• _DIRECTIONS_
Repeat the following data exactly, omitting pictures.

• _THE DATA_
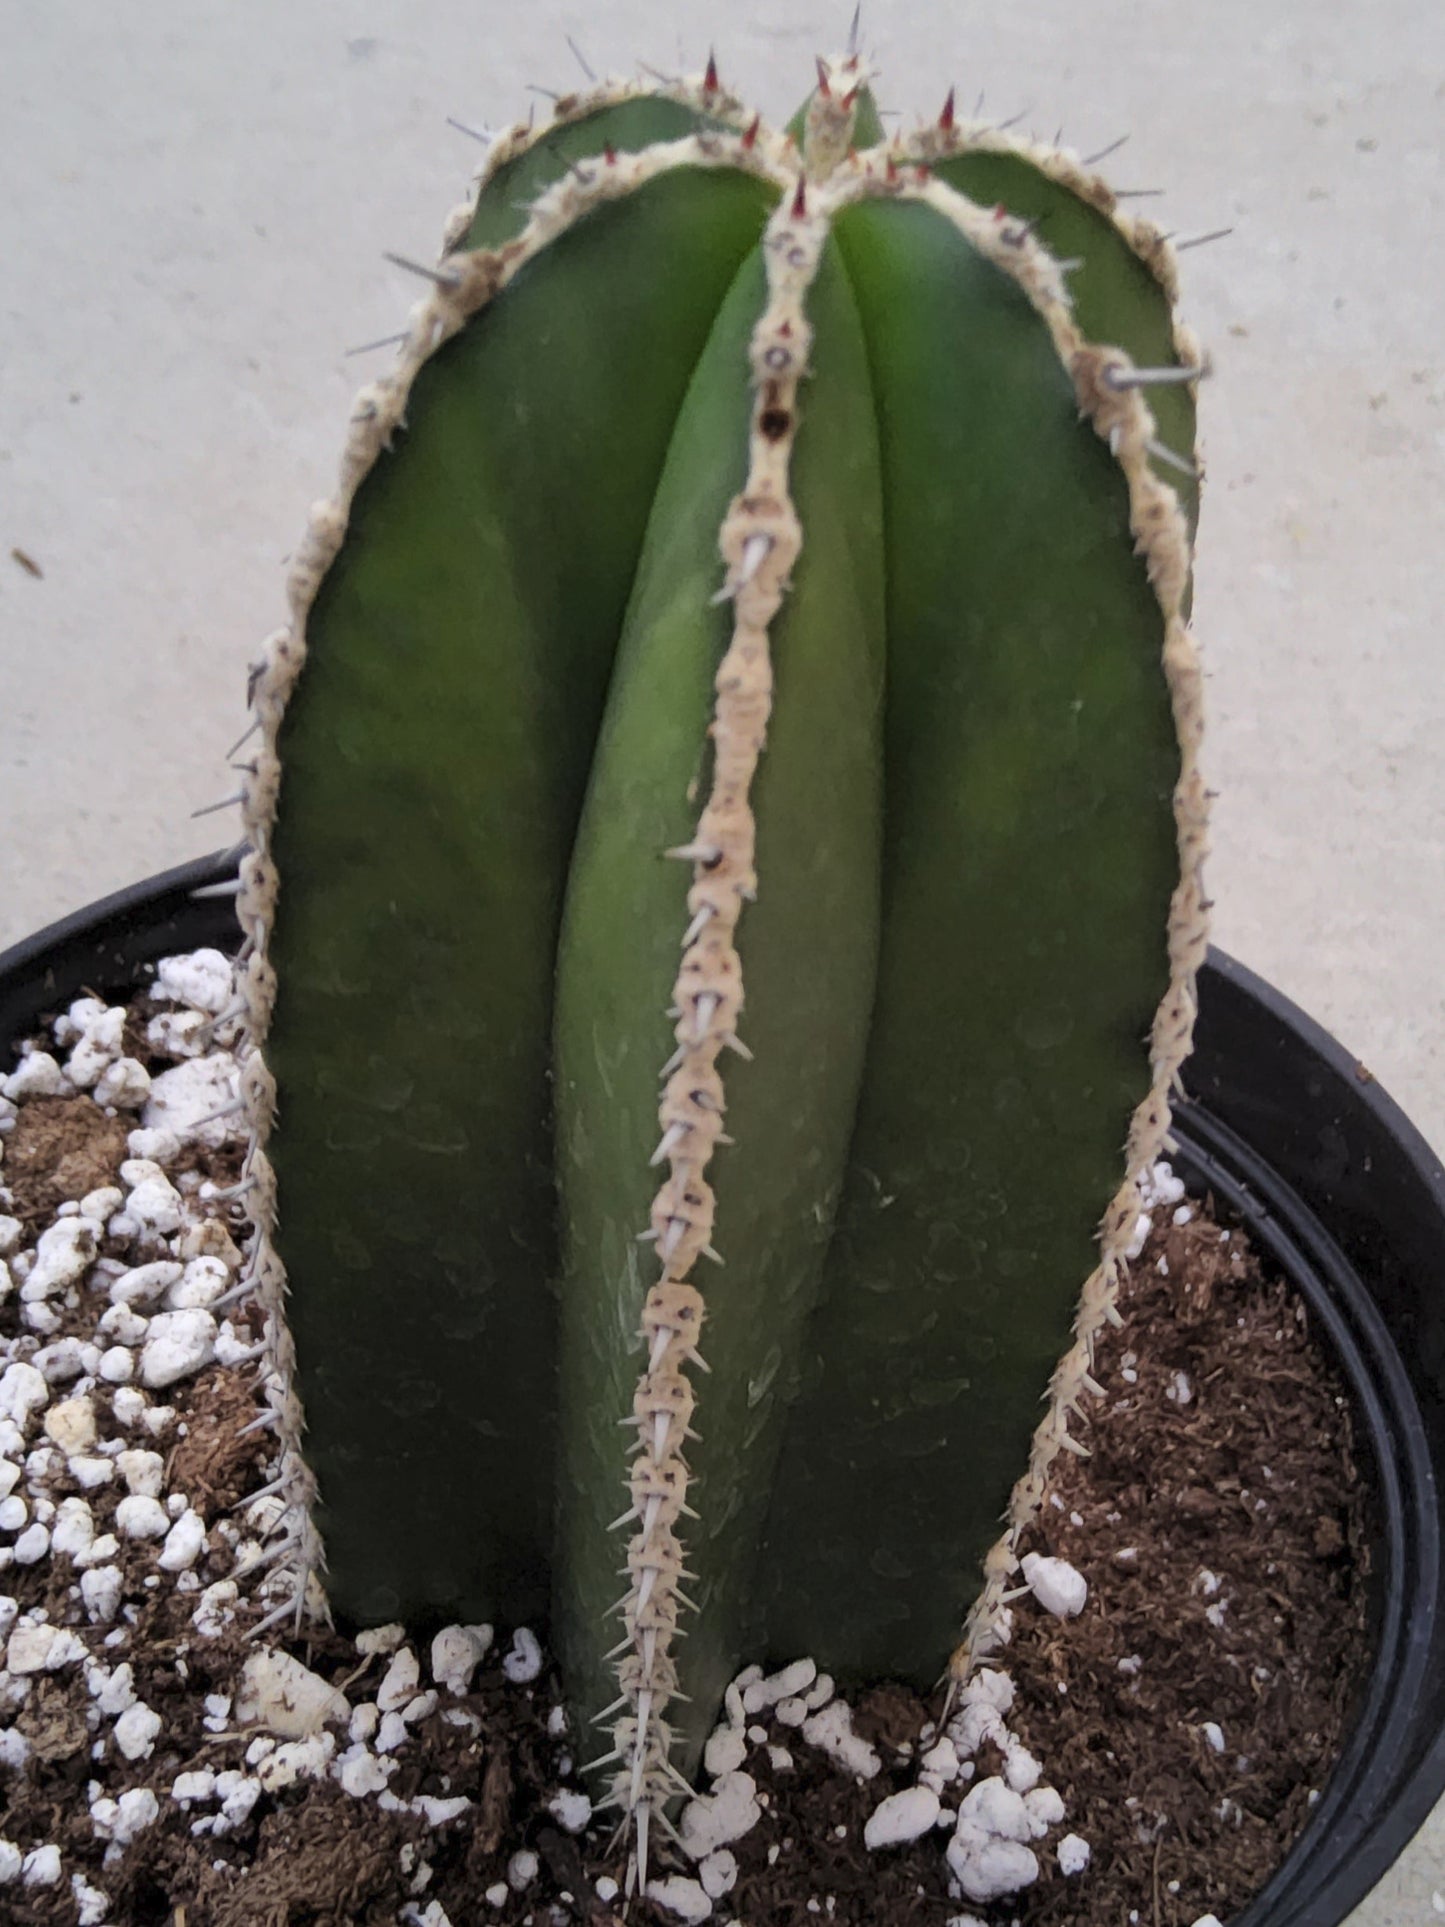 Pachycereus marginatus aka Fencepost Cactus Live Cactus Growing in 6 Inch
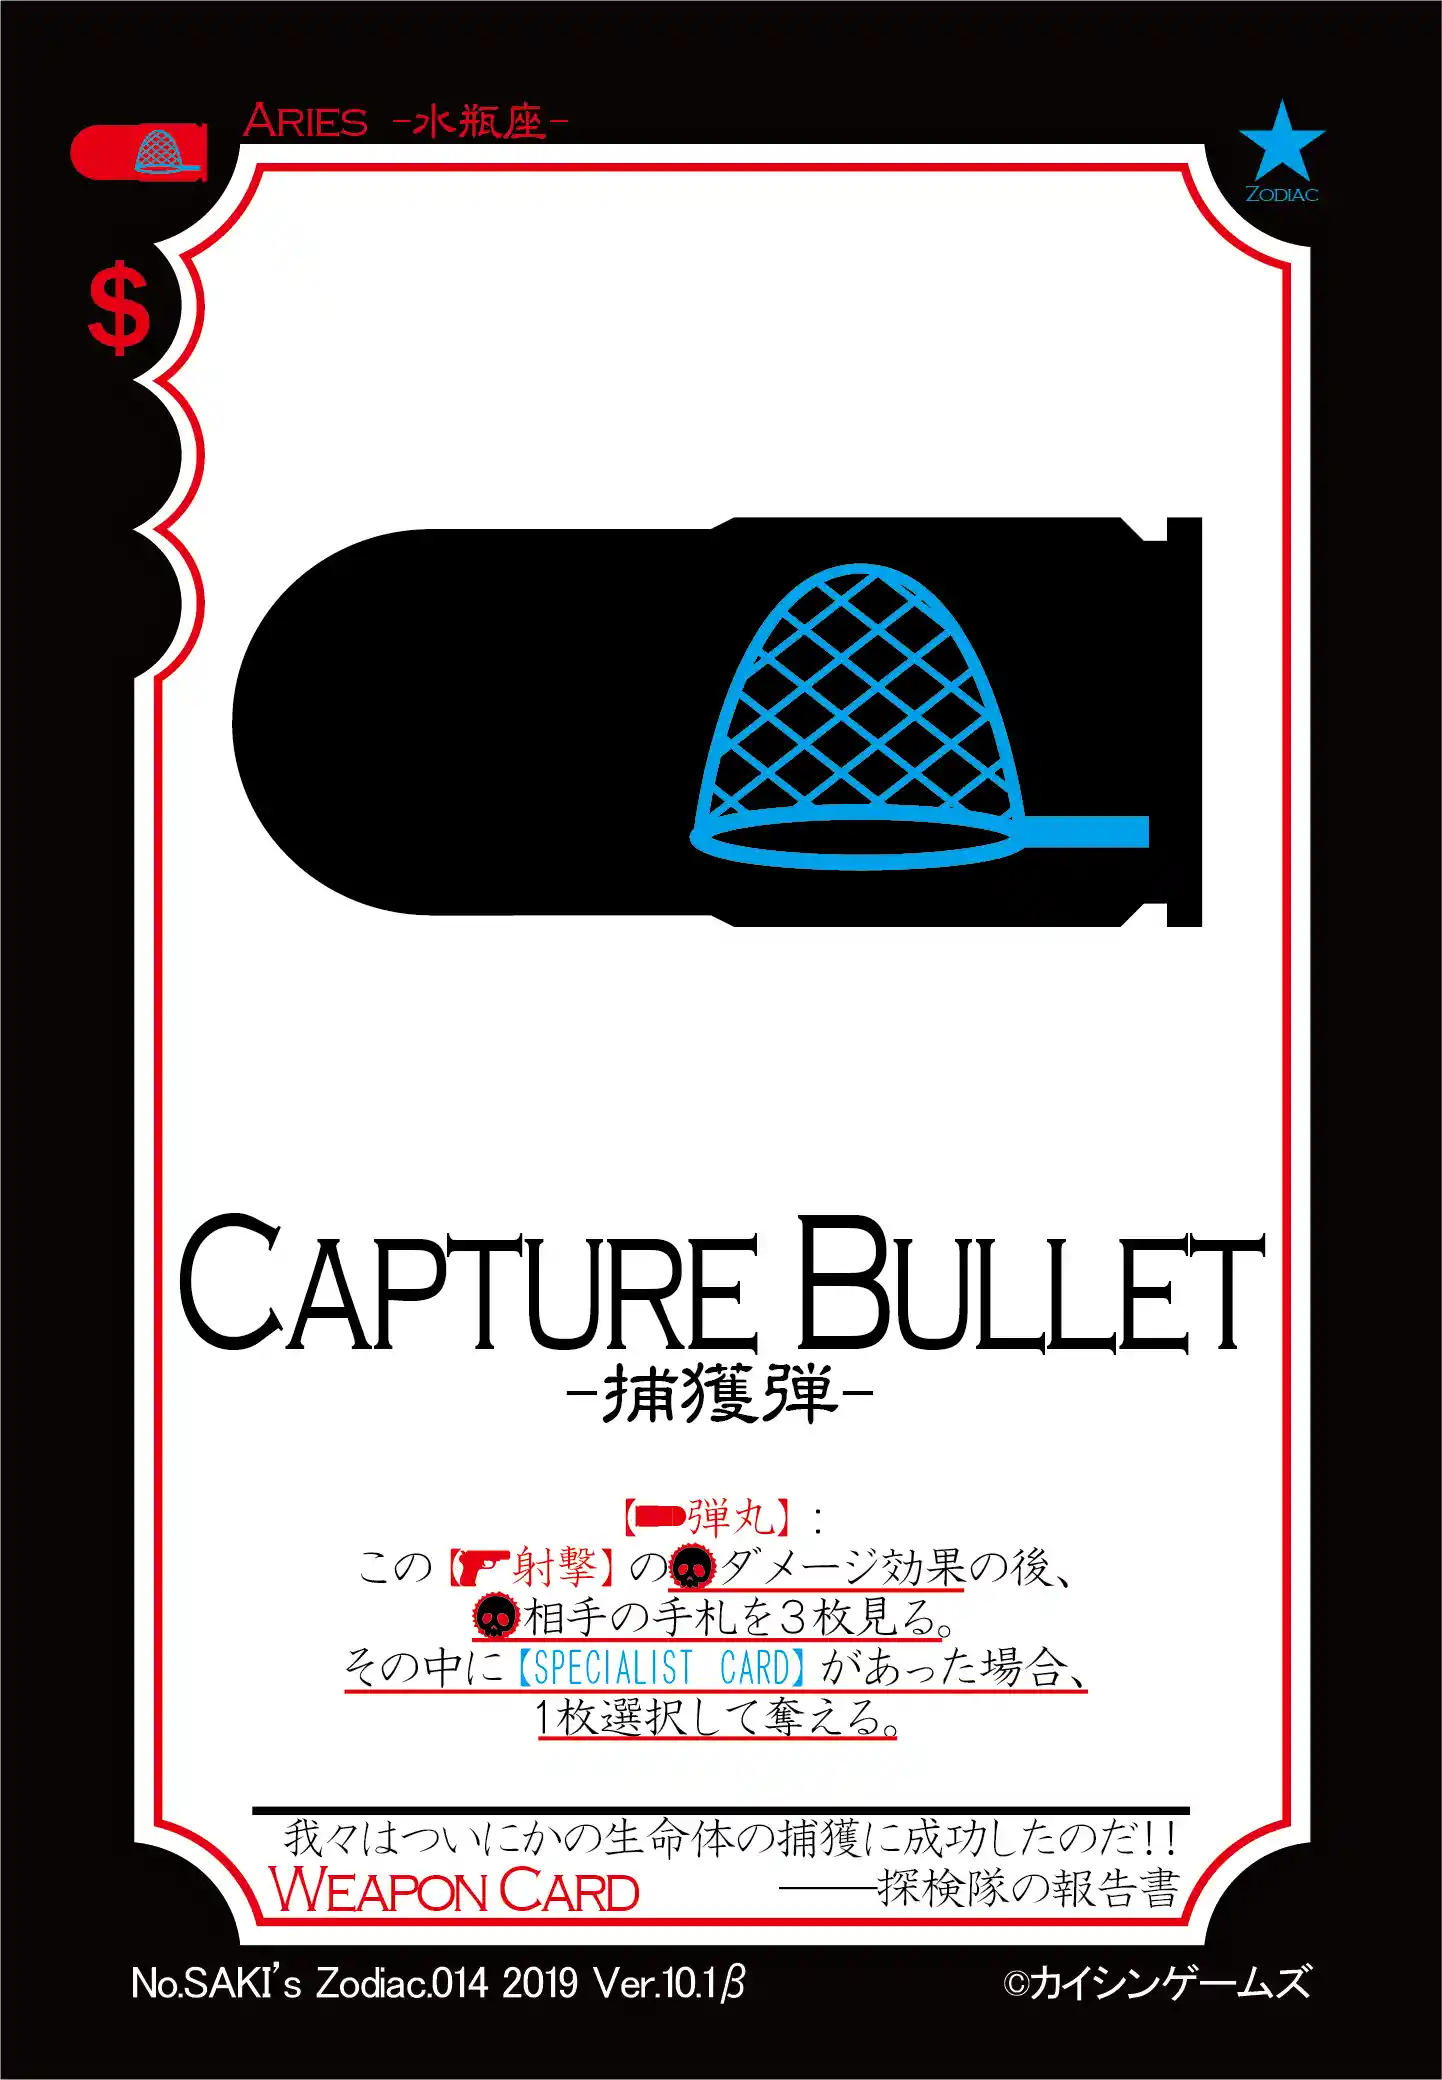 CAPTURE BULLET
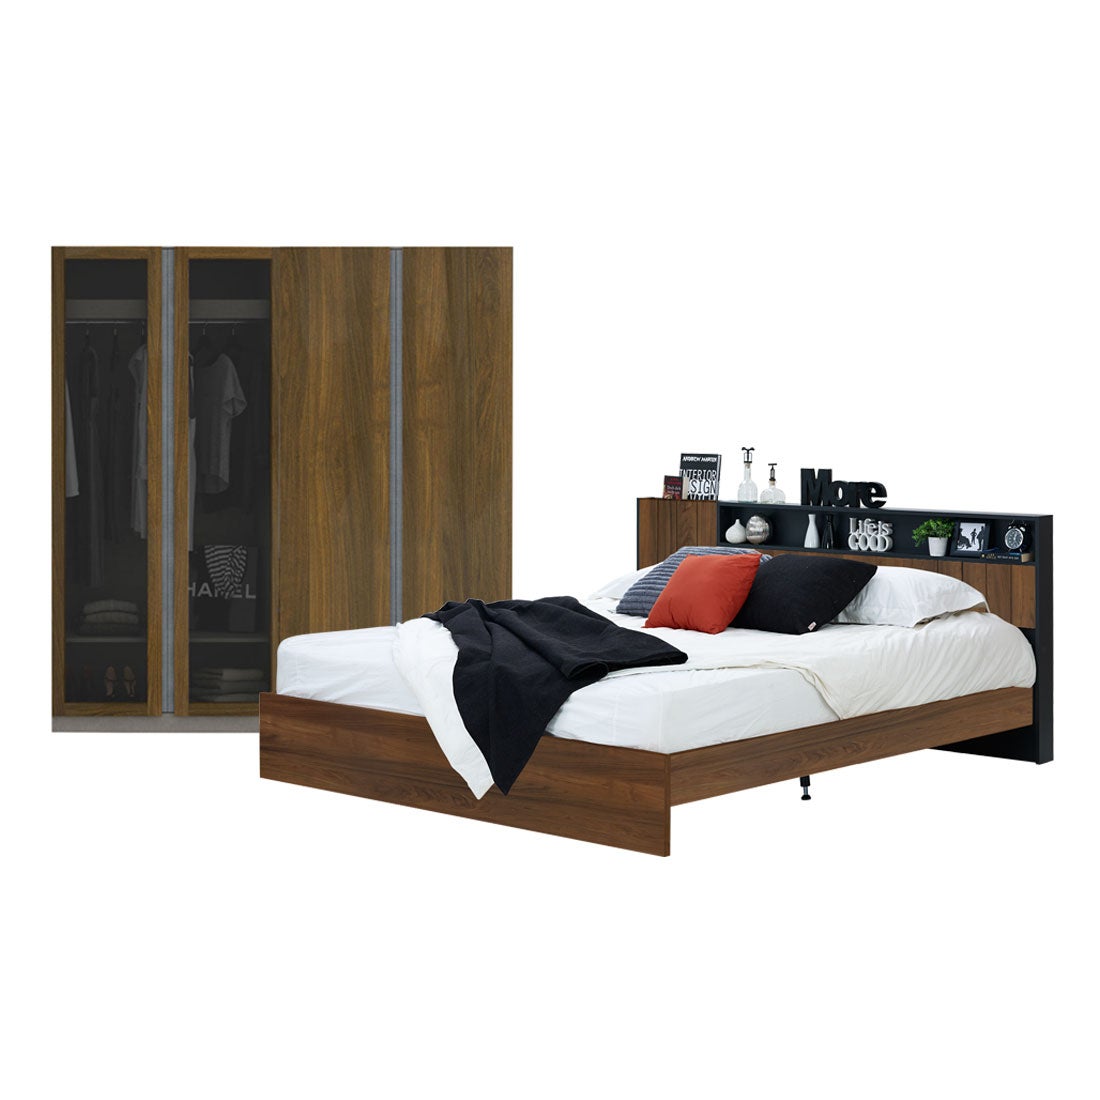 ชุดห้องนอน 5 ฟุต รุ่น Diago & ตู้เสื้อผ้า Blox สีไม้เข้ม01
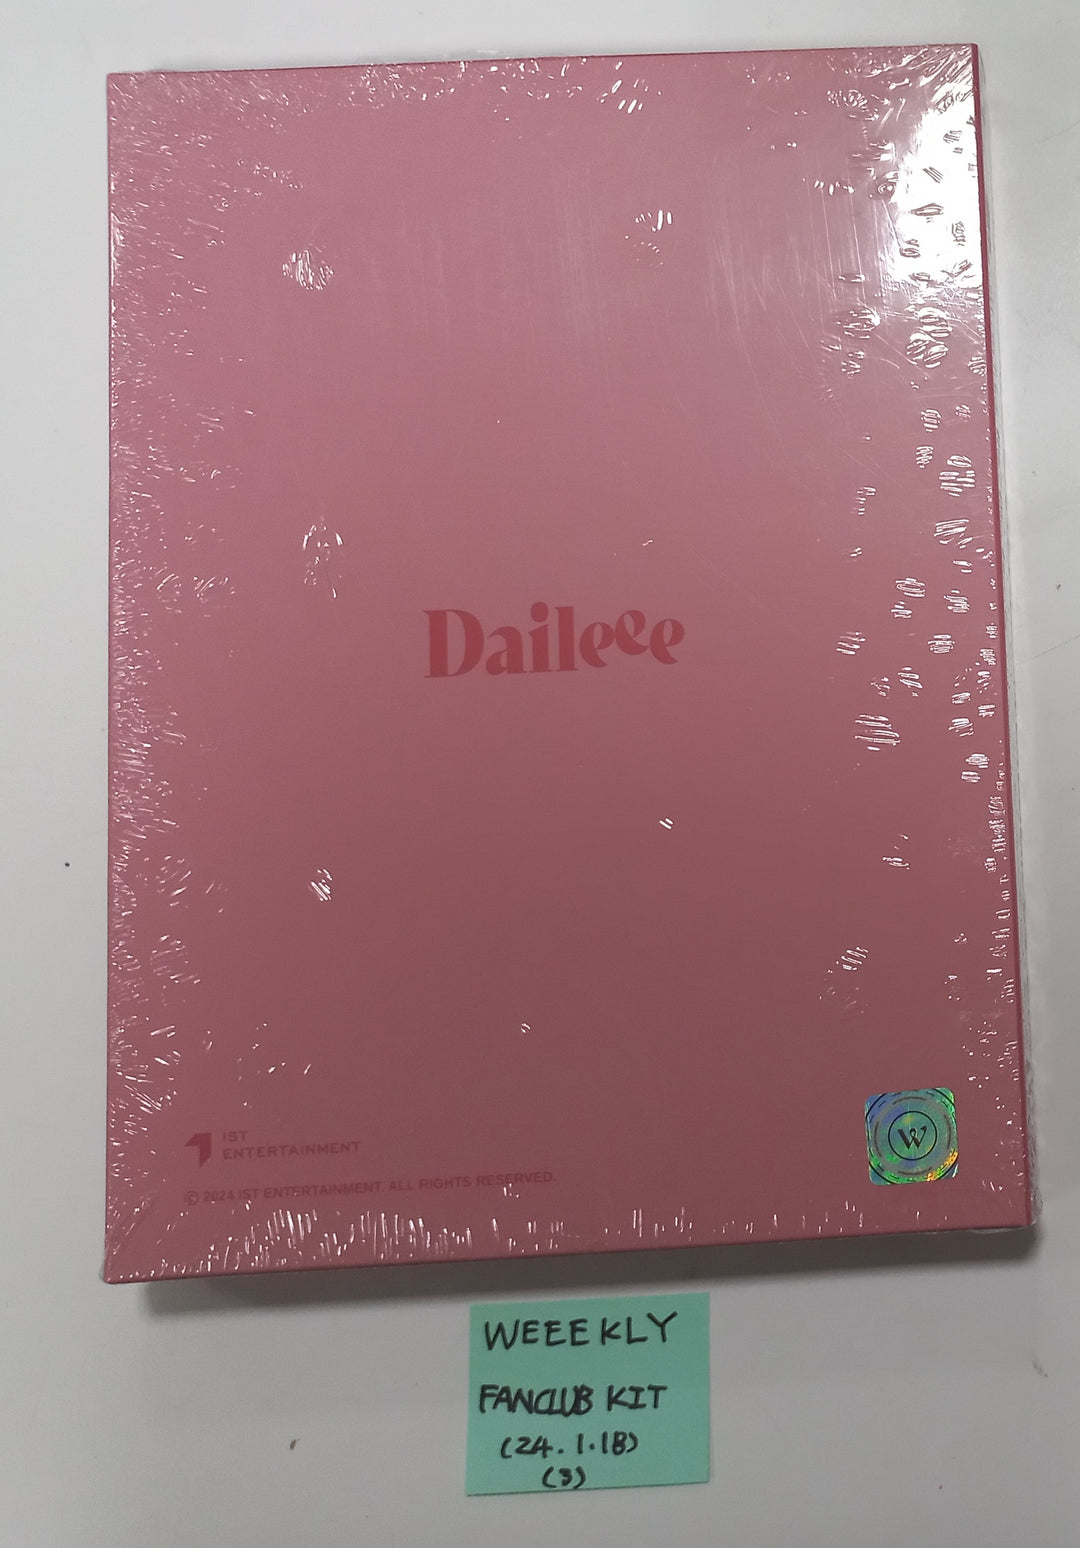 Weeekly OFFICIAL FANCLUB 1st Daileee - Official Fan Club Kit [24.1.18]

• _EXPECTED ANSWER_
 Pachycereus marginatus aka Fencepost Cactus Live Cactus Growing in 6 Inch
 CAPTURE BULLET
 ชุดห้องนอน 5 ฟุต รุ่น Diago & ตู้เสื้อผ้า Blox สีไม้เข้ม01
 Weeekly OFFICIAL FANCLUB 1st Daileee - Official Fan Club Kit [24.1.18]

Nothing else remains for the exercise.